## Work request
Repeat word for word, please, only the lines from the one that includes "SEA AGAINST SKY" through the final line of the data.

## Data below
········
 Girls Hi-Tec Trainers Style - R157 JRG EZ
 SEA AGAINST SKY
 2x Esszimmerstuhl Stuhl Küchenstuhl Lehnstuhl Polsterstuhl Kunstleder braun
········
## Solution for this problem
 SEA AGAINST SKY
 2x Esszimmerstuhl Stuhl Küchenstuhl Lehnstuhl Polsterstuhl Kunstleder braun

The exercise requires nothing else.